Other components of a coaching program are not mutable but must be addressed in the design of the program. For example, coachees will vary in experience, skill level, dispositions, and interpersonal skills and coaches should be trained to interact effectively across this range. It is also critical to consider the types of operations, practice setting, and characteristics of the system in which the surgeon works and ensure that the coach is familiar with each.
The concept of coaching for performance improvement in surgery is attracting increasing attention. Driving forces include a national focus on improving quality and safety and recognition of the limitations in our current approach to continuing medical education. Adapting principles from other disciplines, we have proposed a conceptual framework that summarizes the critical issues to consider in designing a surgical coaching program. Many questions remain to be addressed, however, including (1) which surgical skills, if any, are amenable to coaching; (2) how best to identify and train effective coaches; (3) whether video-based or live coaching is better and under which conditions; and (4) if coaching can improve surgical performance, whether it translates into improved patient outcomes. Although the idea of coaching has face validity, significant research is still needed to evaluate its effectiveness. If surgical coaching does prove effective, translation into sustainable practice may also prove challenging. For example, it is unclear where ownership of surgical coaching programs would reside and how they would be financed.

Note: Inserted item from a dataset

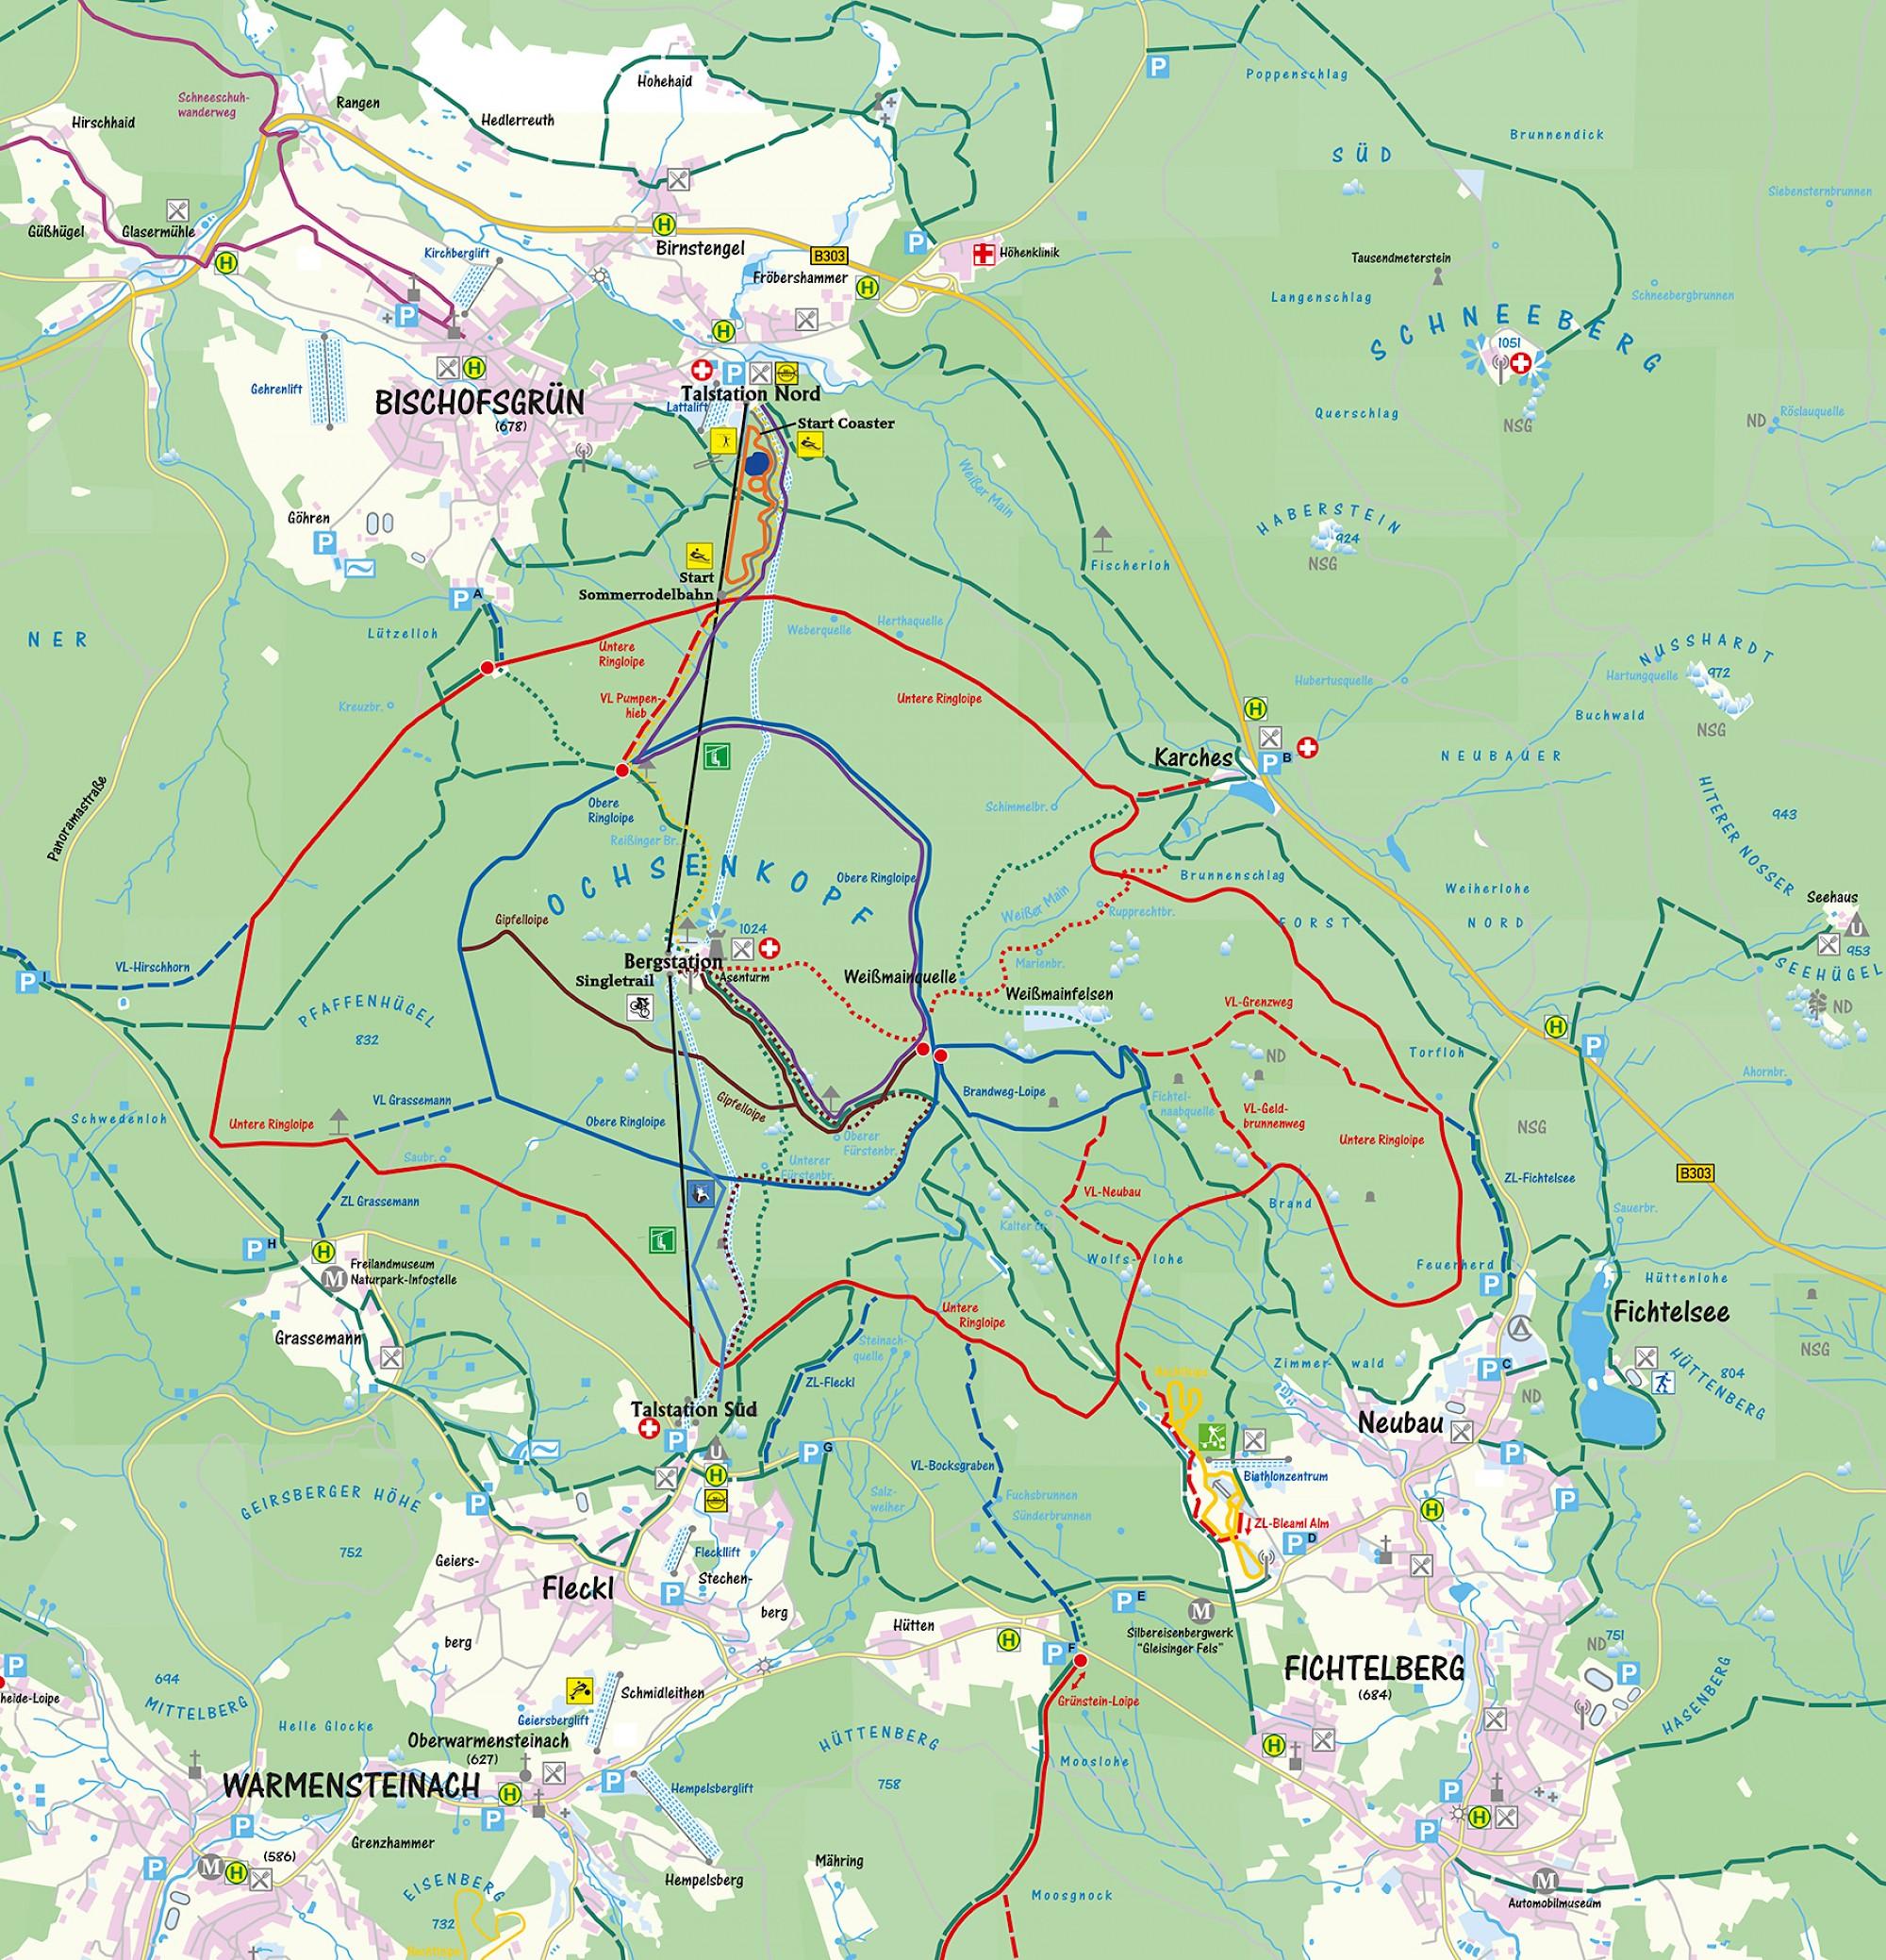 Seilbahnen Ochsenkopf - Sommer - Wanderwege - Klettern, Biken ...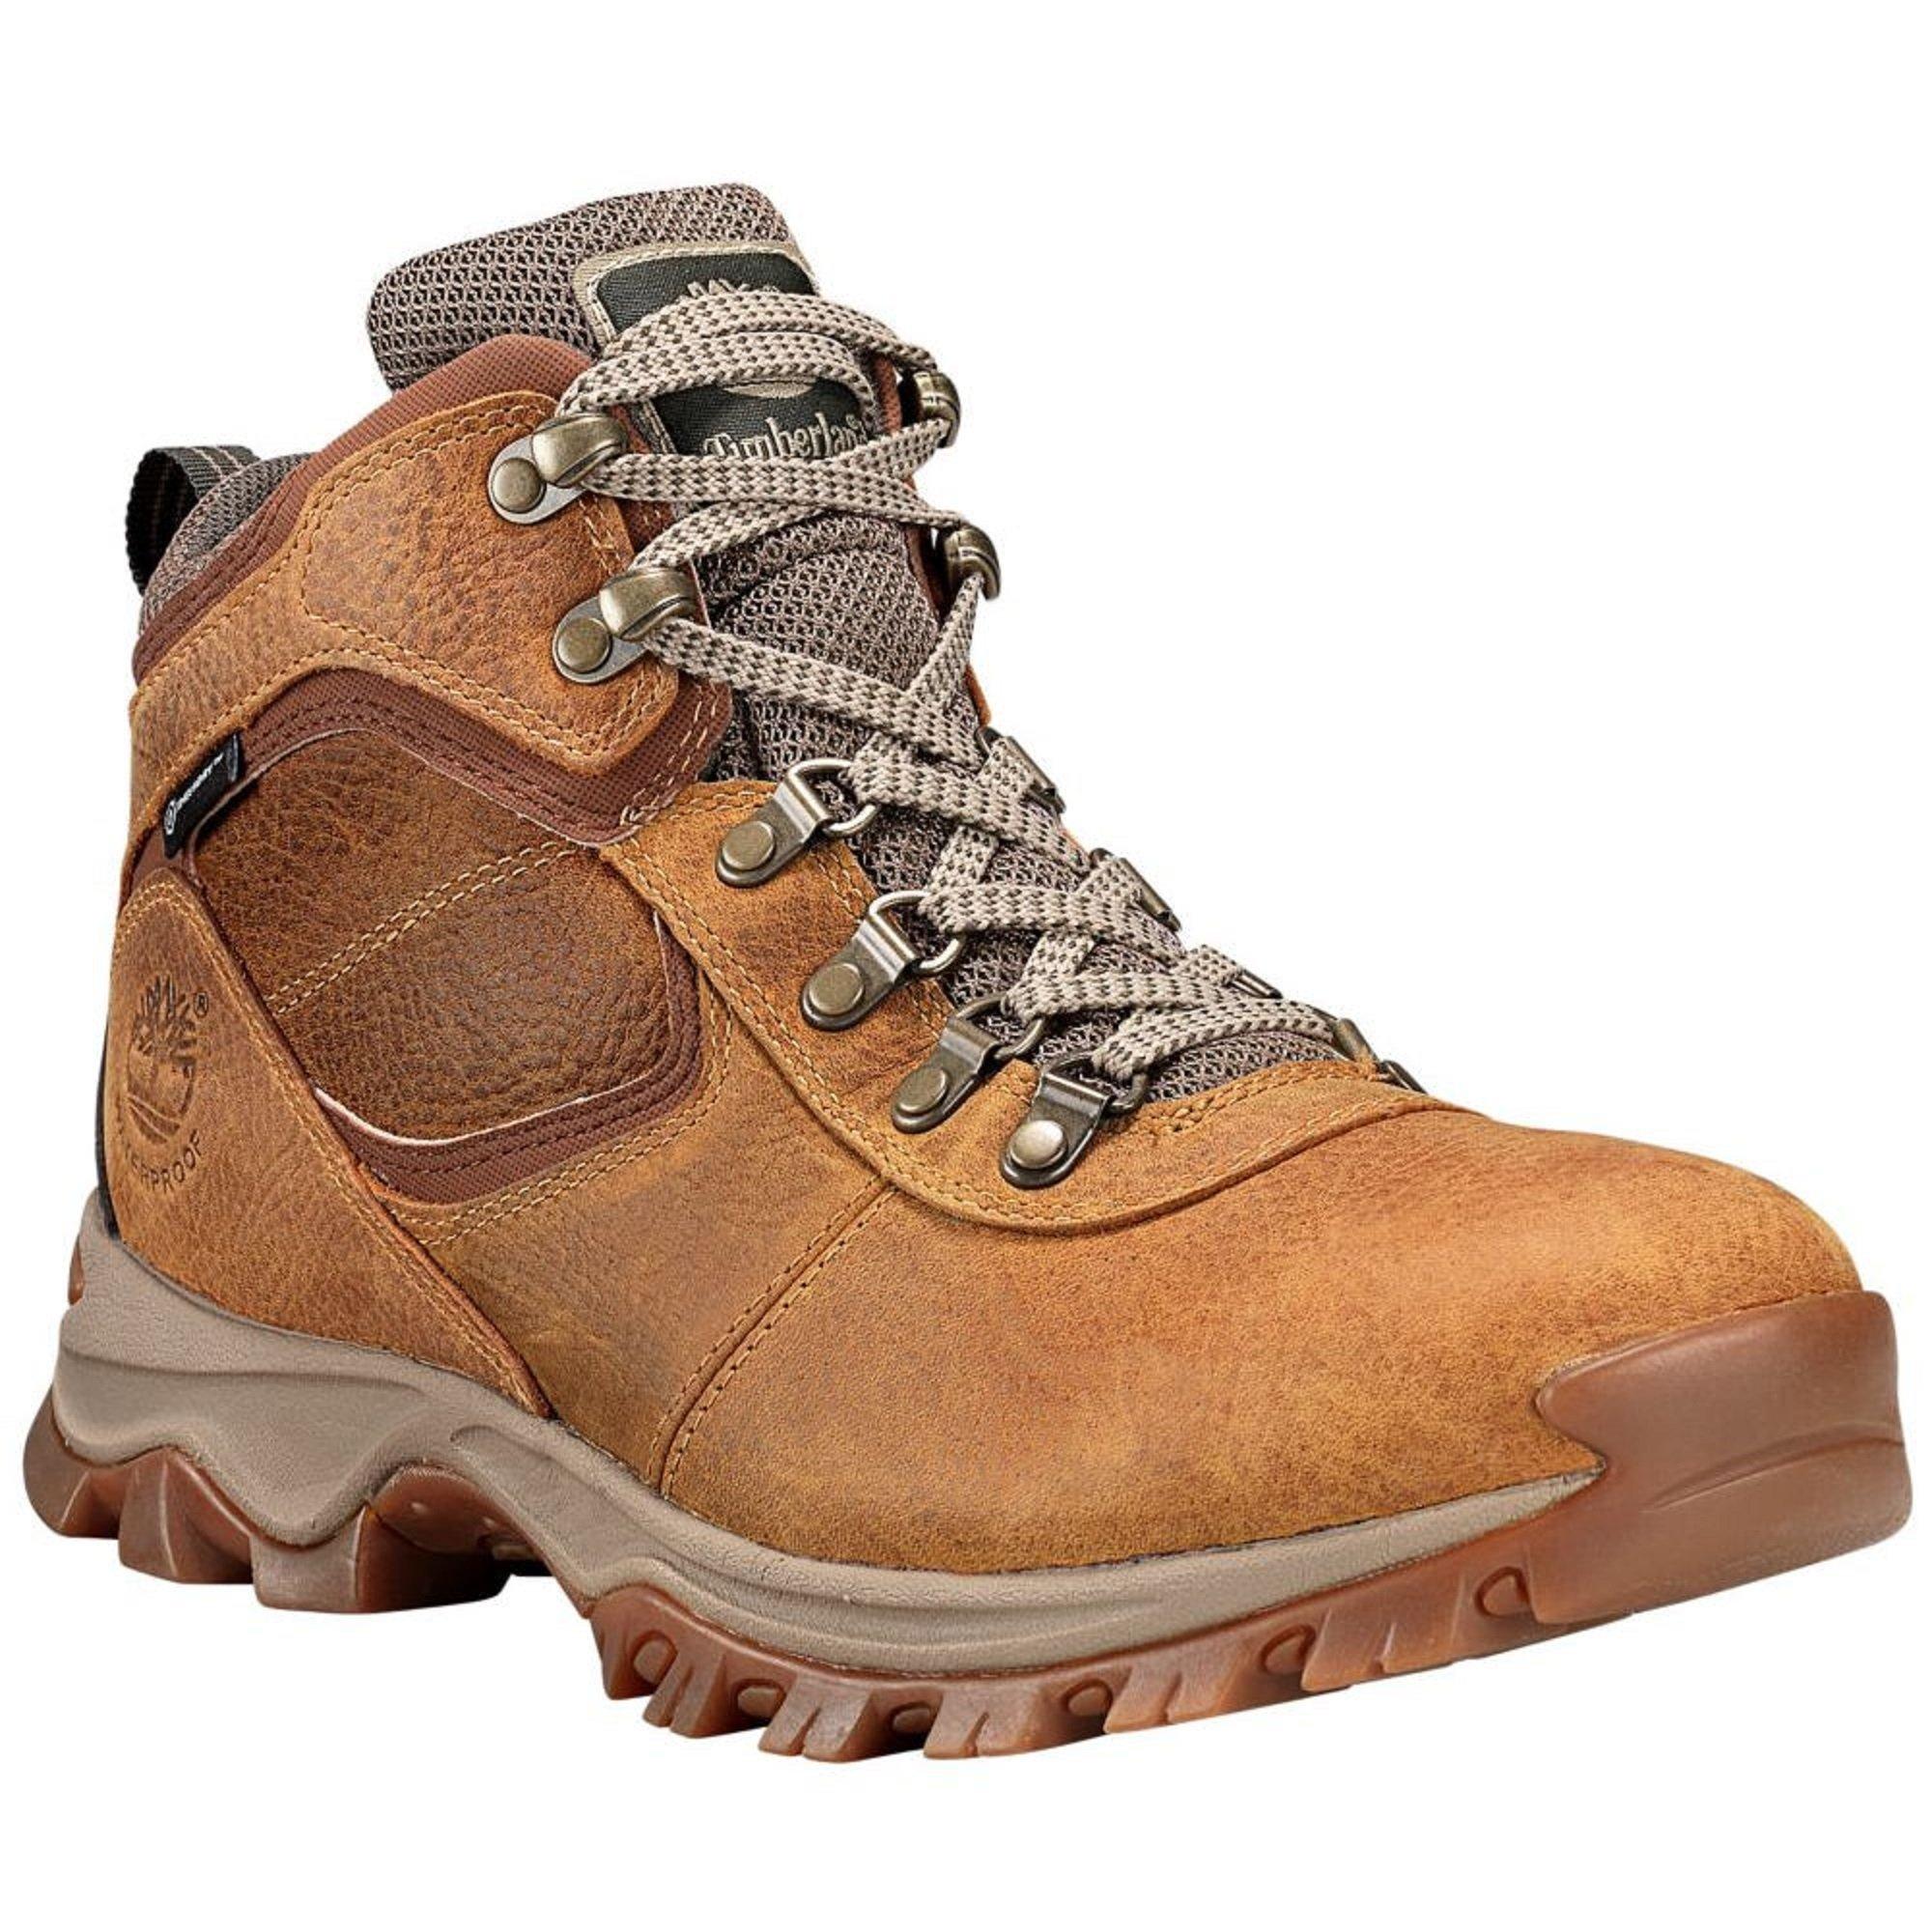 Timberland Mt. Maddsen Mid Waterproof Hiking Boot - Men's Light Brown Full Grain, 10.0 by Timberland

There is reason to think surgical coaching will have traction, however. The American Board of Surgery has included lifelong learning and self-assessment and evaluation of performance in practice as requirements for Maintenance of Certification. We believe that surgical coaching could offer a meaningful way to meet these requirements. In addition, numerous regional and national surgical quality collaboratives exist, providing a possible venue for both research and implementation of coaching programs. Several groups, including ours, have ongoing research and development projects related to surgical coaching, and excitement for the approach within the field is evident. We hope that the Wisconsin Surgical Coaching Framework can provide a conceptual basis for future program design and advance our understanding of performance improvement for practicing surgeons.
The authors are grateful to the leadership and membership of the Wisconsin Surgical Society for their continued support and collaboration on this project.